Production Agent Scenario¶
The Hidden Assumption in Agentic RL¶
Almost every Agentic RL framework is built on an implicit assumption:
Training phase ≠ Deployment phase
The standard workflow: train on offline/simulated data → deploy a fixed model → retrain periodically.
This works in research settings, but in production it hits fundamental walls:
| Problem | Manifestation |
|---|---|
| Distribution shift | Training data is synthetic; real user requests have a different distribution → capability degradation after deployment |
| Cold start | A newly deployed model knows nothing about a specific user's habits, tools, or workflows → long "warmup" period |
| Long-tail tasks | Benchmarks cover common tasks; real users' niche needs cannot be covered by offline training |
| Environment drift | Tool APIs update, user behavior changes → static models cannot self-adapt |
Claw-R1's Core Scenario: Personal Agent Self-Evolution¶
Claw-R1's first validation scenario is the OpenClaw personal assistant:
Setup:
User deploys OpenClaw on a Mac Mini, connected to Slack / WeChat / email.
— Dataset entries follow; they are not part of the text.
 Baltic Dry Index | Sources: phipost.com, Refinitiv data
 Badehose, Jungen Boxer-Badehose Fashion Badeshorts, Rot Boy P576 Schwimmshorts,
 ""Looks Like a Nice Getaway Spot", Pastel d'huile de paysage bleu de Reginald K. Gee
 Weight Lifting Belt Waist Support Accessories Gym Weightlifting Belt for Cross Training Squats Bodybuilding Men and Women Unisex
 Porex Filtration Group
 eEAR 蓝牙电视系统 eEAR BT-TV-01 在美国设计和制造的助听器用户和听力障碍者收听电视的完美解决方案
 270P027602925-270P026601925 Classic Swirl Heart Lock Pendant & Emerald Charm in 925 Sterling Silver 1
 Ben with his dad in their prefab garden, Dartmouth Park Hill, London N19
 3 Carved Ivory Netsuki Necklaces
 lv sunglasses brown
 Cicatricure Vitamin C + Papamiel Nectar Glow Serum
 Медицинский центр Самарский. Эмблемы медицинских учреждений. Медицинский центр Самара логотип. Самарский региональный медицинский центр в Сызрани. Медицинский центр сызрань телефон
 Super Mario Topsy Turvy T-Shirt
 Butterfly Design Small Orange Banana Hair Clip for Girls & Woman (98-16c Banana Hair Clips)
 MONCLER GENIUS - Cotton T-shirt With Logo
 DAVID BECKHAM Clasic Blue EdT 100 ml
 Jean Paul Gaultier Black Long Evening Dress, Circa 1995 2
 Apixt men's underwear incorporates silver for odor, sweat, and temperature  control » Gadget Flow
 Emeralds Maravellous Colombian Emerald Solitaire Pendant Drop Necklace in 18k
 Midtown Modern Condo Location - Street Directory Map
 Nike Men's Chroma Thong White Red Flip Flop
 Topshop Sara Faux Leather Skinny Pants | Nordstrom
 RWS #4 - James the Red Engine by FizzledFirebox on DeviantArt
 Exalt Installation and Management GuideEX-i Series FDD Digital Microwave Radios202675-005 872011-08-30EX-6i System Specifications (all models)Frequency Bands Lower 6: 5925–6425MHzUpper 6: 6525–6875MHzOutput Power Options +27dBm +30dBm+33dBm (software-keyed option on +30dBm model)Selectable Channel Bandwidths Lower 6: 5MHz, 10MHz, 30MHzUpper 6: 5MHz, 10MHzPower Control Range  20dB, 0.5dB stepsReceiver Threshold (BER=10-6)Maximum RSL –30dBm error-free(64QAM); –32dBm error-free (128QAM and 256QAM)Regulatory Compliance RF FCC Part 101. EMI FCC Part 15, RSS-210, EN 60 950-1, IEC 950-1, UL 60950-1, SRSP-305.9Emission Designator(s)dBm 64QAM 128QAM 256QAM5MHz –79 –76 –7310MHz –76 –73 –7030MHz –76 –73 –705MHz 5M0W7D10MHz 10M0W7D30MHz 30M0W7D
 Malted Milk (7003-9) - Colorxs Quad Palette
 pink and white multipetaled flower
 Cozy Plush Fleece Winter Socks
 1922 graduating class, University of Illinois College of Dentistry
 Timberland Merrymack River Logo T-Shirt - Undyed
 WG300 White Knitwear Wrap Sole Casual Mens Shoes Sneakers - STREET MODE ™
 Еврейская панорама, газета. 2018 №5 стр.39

Every day they interact with OpenClaw via messages:
scheduling, information retrieval, code assistance, etc.
Traditional approach:
OpenClaw uses a fixed GPT-4o / Claude 3.5.
Capabilities do not grow with usage.
Claw-R1 approach:
1. User message → OpenClaw → Gateway (intercepts LLM call)
2. Gateway logs each interaction step → DataPool (local)
3. Reward Model scores each interaction (user satisfaction signals, task completion, etc.)
4. Training Engine on a remote server continuously consumes DataPool, updates model weights
5. Updated weights are pushed back to the Gateway; the next call uses the improved model
Result:
The OpenClaw running on the user's Mac Mini becomes progressively better
at understanding this specific user over time.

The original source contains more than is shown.